RESOLVED, that the Executive Officers of the Company, and each of them, hereby are authorized,
for and on behalf of the Company, to prepare, sign and file, or cause to be prepared, signed and
filed, with the Securities and Exchange Commission, under the Securities Exchange Act of 1934, as
amended, the Companys 2010 Annual Report on Form 10-K, and any and all amendments thereto, and to
do or cause to be done all things necessary or advisable in connection therewith.

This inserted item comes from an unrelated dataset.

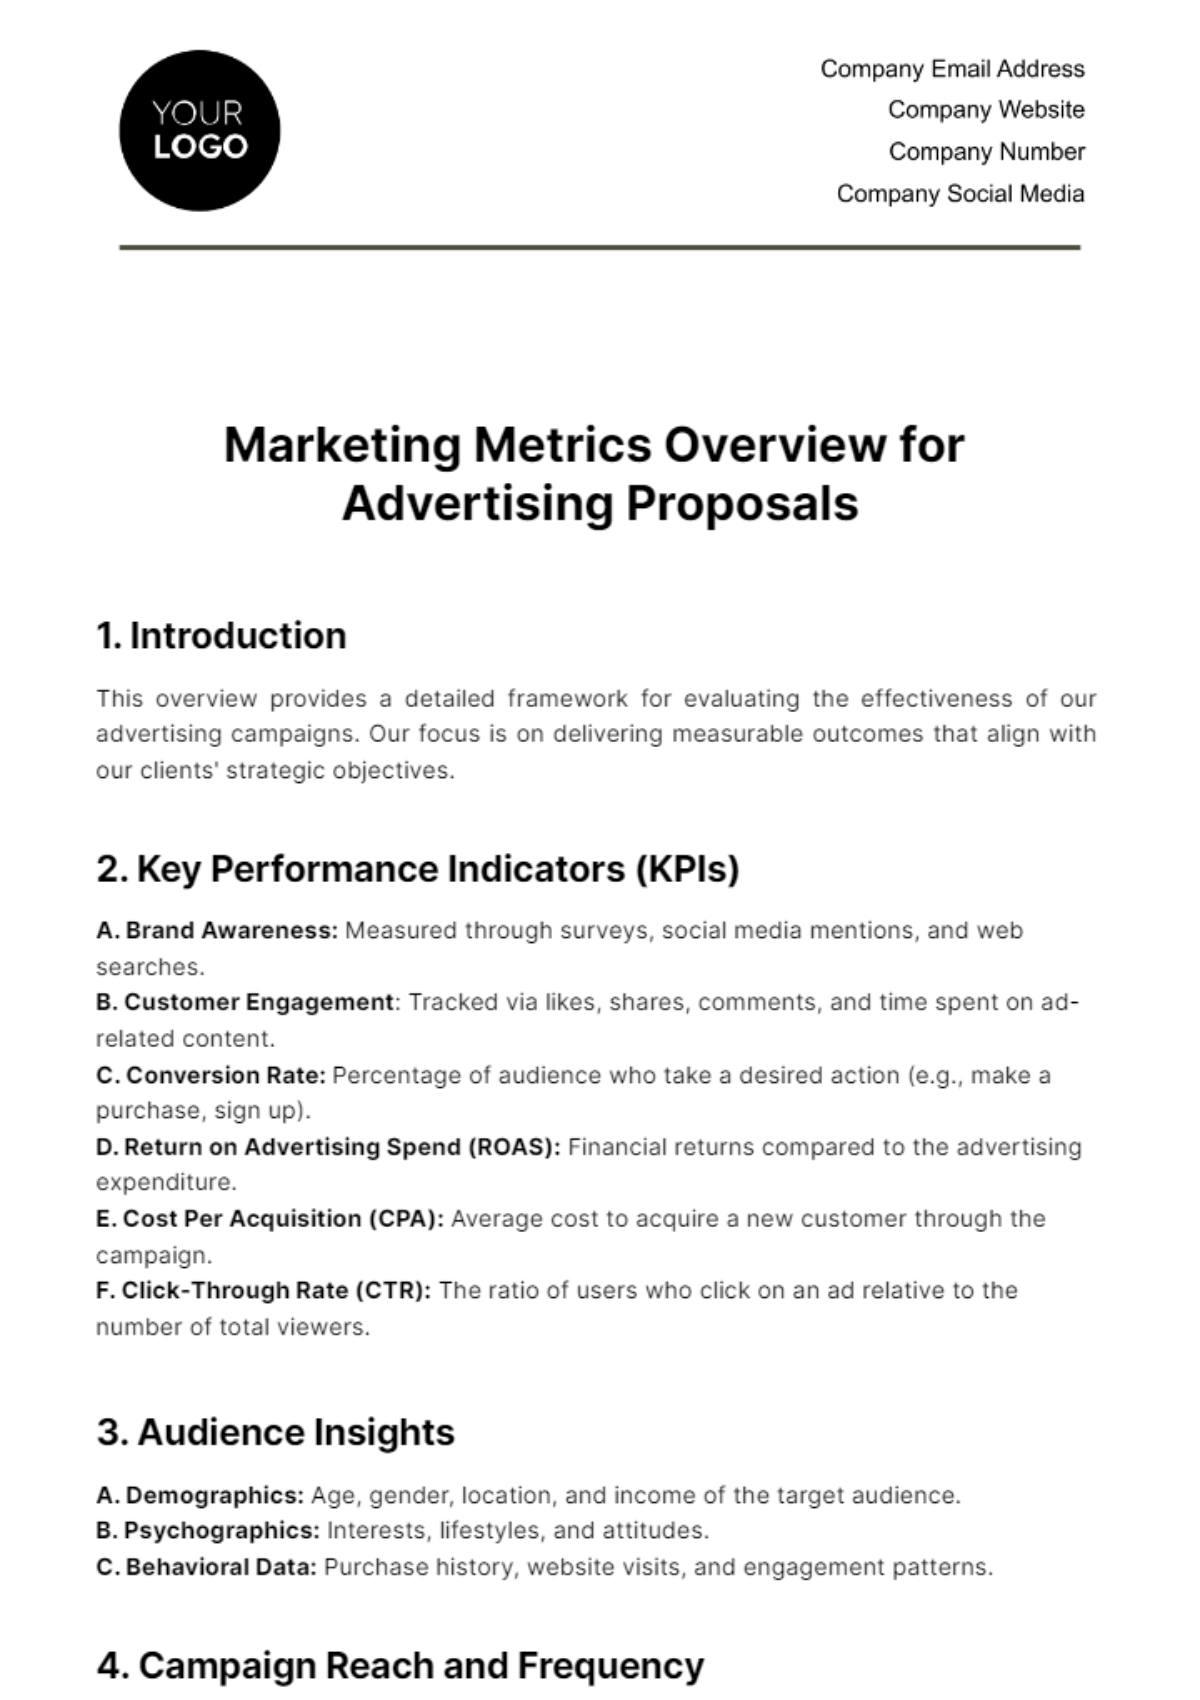 Marketing Metrics Overview for Advertising Proposals Template

FURTHER RESOLVED, that Jeffrey S. Gorman, David P. Emmens and Anthony R. Moore, and each of
them, hereby are appointed attorneys for the Company, with full power of substitution and
resubstitution, for and in the name, place and stead of the Company, to sign and file the Companys
2010 Annual Report on Form 10-K and any and all amendments thereto, and any and all other documents
in connection therewith, with full power and authority to do and perform any and all acts necessary
or advisable.
FURTHER RESOLVED, that the Executive Officers of the Company and each of them, hereby are
authorized, for and on behalf of the Company, to execute a power of attorney evidencing the
foregoing appointments.
IN WITNESS WHEREOF, I have hereunto signed this Certificate this 4th day of March, 2011.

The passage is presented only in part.